The Professor sat at his American roll-top desk, his finger-tips pressed

against his temples. When he looked up, his face appeared blanched and

strained.

 

“Headache?” asked the doctor.

 

“So—so,” was the reply.

 

Helen bit her tongue to keep back her impulsive offer of aspirin, as she

felt that professional advice should take preference.

 

“Take anything?” asked Dr. Parry casually.

 

“Yes.”

 

“Good… The new nurse wants Miss Capel to take duty, tonight. I

forbid it. Lady Warren’s heart is in a bad way, and she is in too

critical a condition to be left in the charge of an untrained girl. Will

you see that this order stands?”

 

As he listened, the Professor kept his fingers pressed over his

eyeballs.

 

“Certainly,” he agreed.

 

When they were outside, Helen turned to the doctor, her eyes limpid with

gratitude.

 

“You don’t know what this means to me,” she said.

 

“You—”

 

She broke off at the shrilling of the telephone-bell. As the instrument

was in the hall, she rushed to answer it.

 

“Hold on, please,” she said, beckoning to Dr. Parry. “The call’s for

you. Someone’s ringing up from the Bull. He asked if you were here.”

 

With her evergreen interest in the affairs of others, she tried to

reconstruct the inaudible part of the conversation from listening to Dr.

Parry’s end of the line.

 

“That you, Williams?” he asked. “What’s the trouble?”

 

His casual tone dulled to incredulity, as he heard, and then sharpened

to a note of horror.

 

“What?… Impossible… What a horrible thing. I’ll come at

once.”

 

When he hung up, his expression testified to the fact that the

telephone-message had proved a shock.

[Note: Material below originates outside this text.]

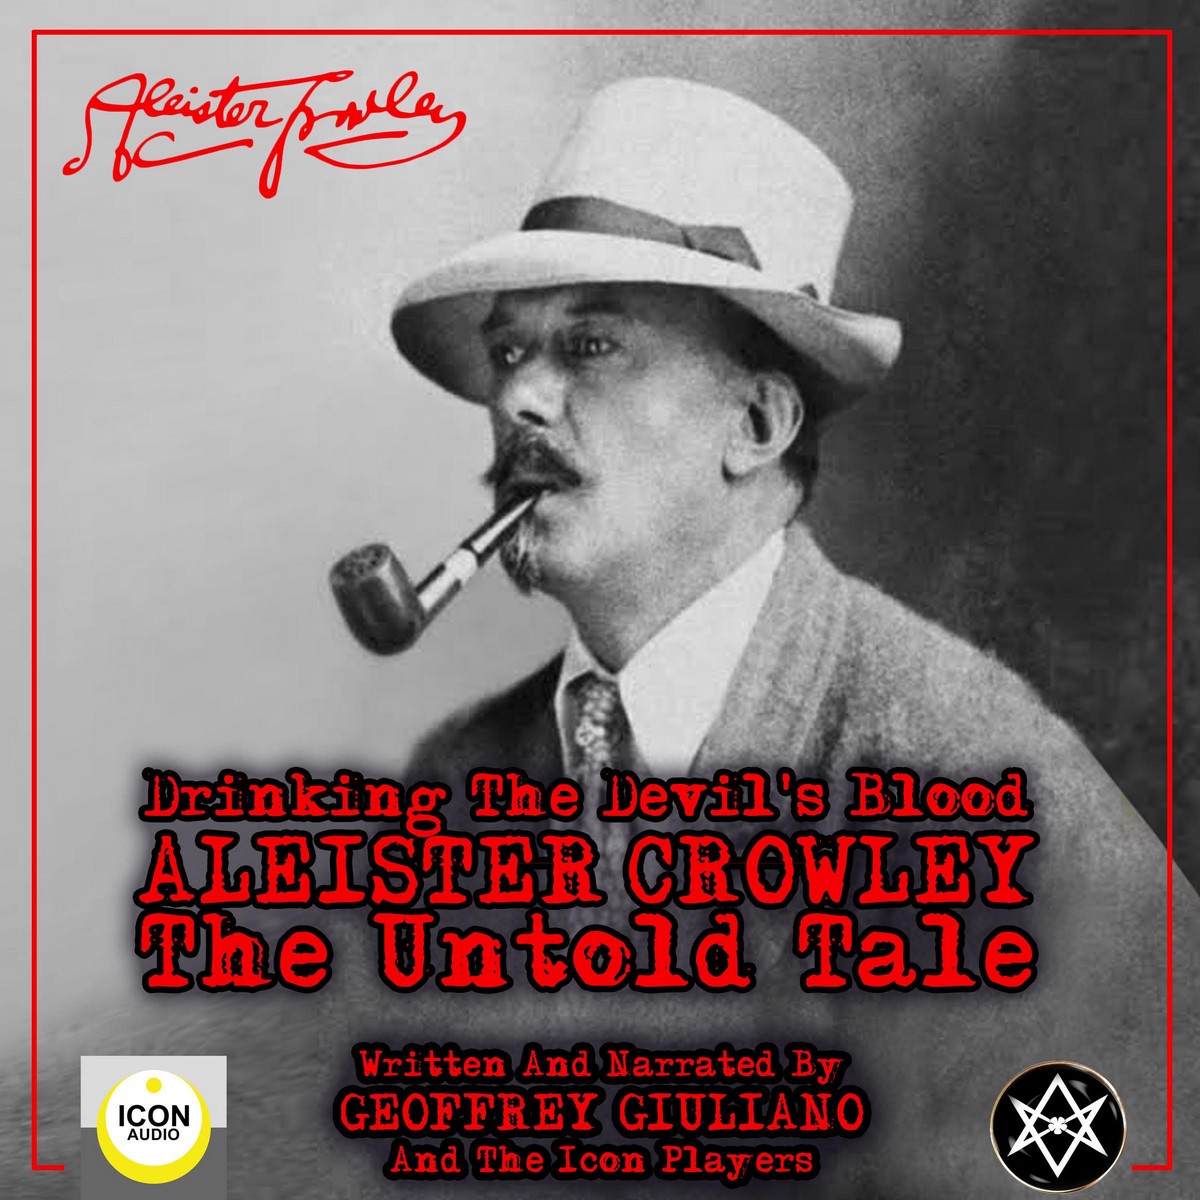 Drinking the Devil’s Blood; Aleister Crowley, The Untold Tale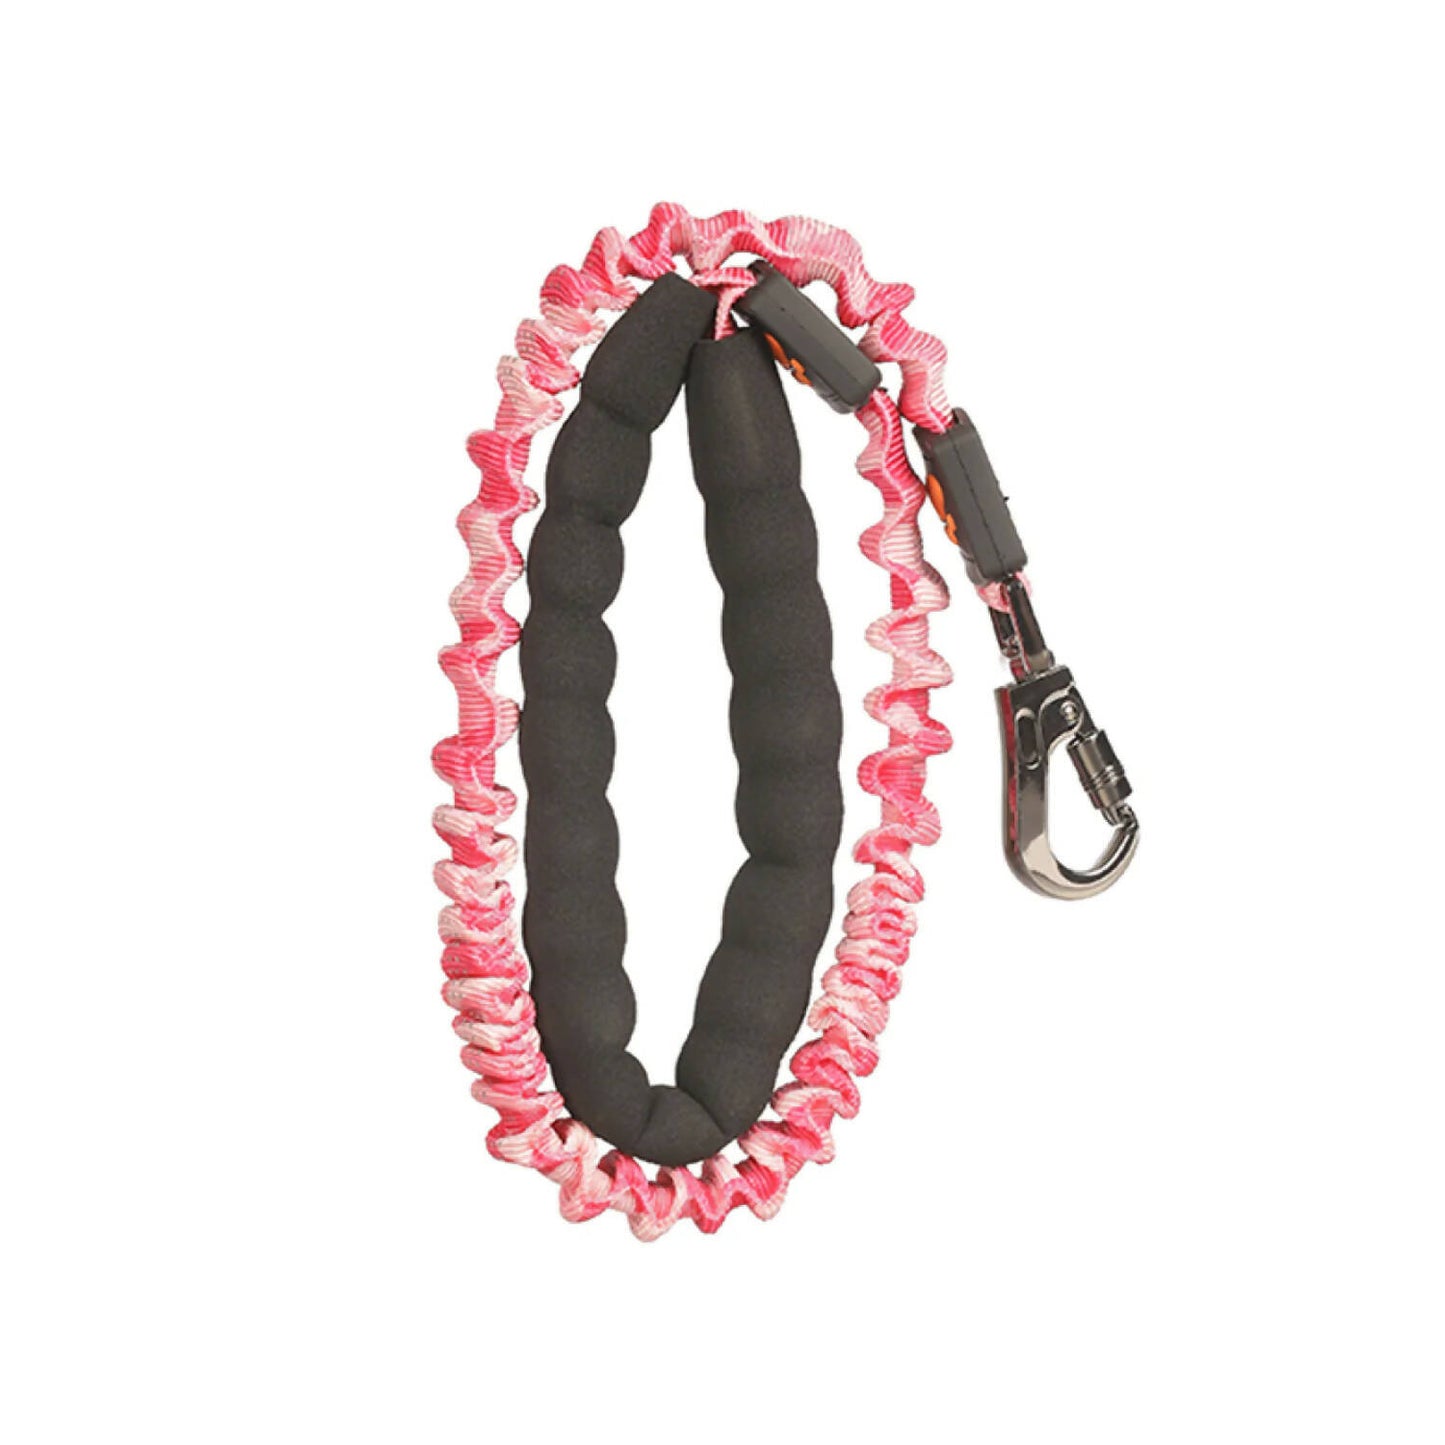 Basil - Shock Absorbing Stretch Leash For Dogs

While Helen waited for him to

speak, Miss Warren came into the hall.

 

“Was that the telephone-bell?” she asked vaguely.

 

“Yes,” replied Dr. Parry. “Do you remember a girl Ceridwen Owen—who used

to work here? Well, she’s dead. Her body has just been discovered inside

a garden.”

CHAPTER XI

AN ARTICLE OF FAITH

 

As Helen heard the name, she remembered the gossip in the kitchen.

Ceridwen was the pretty sluttish girl, who used to dust under Lady

Warren’s bed, and whose lovers waited for her, outside the house, with

the patient fixity of trees. She believed she had actually seen one of

them in the plantation, whose vigil had certainly proved in vain.

 

“Rum thing,” said Dr. Parry. “Williams says that when Captain Bean was

coming home from market he lit a match to find the keyhole. That’s how

he chanced to see her—huddled up in a dark corner of his garden. He

came, at once, hell-for-leather to the Bull, and ask Williams to ring my

house. My housekeeper told them to try the Summit.”

 

“Very shocking,” observed Miss Warren. “I suppose it was some seizure.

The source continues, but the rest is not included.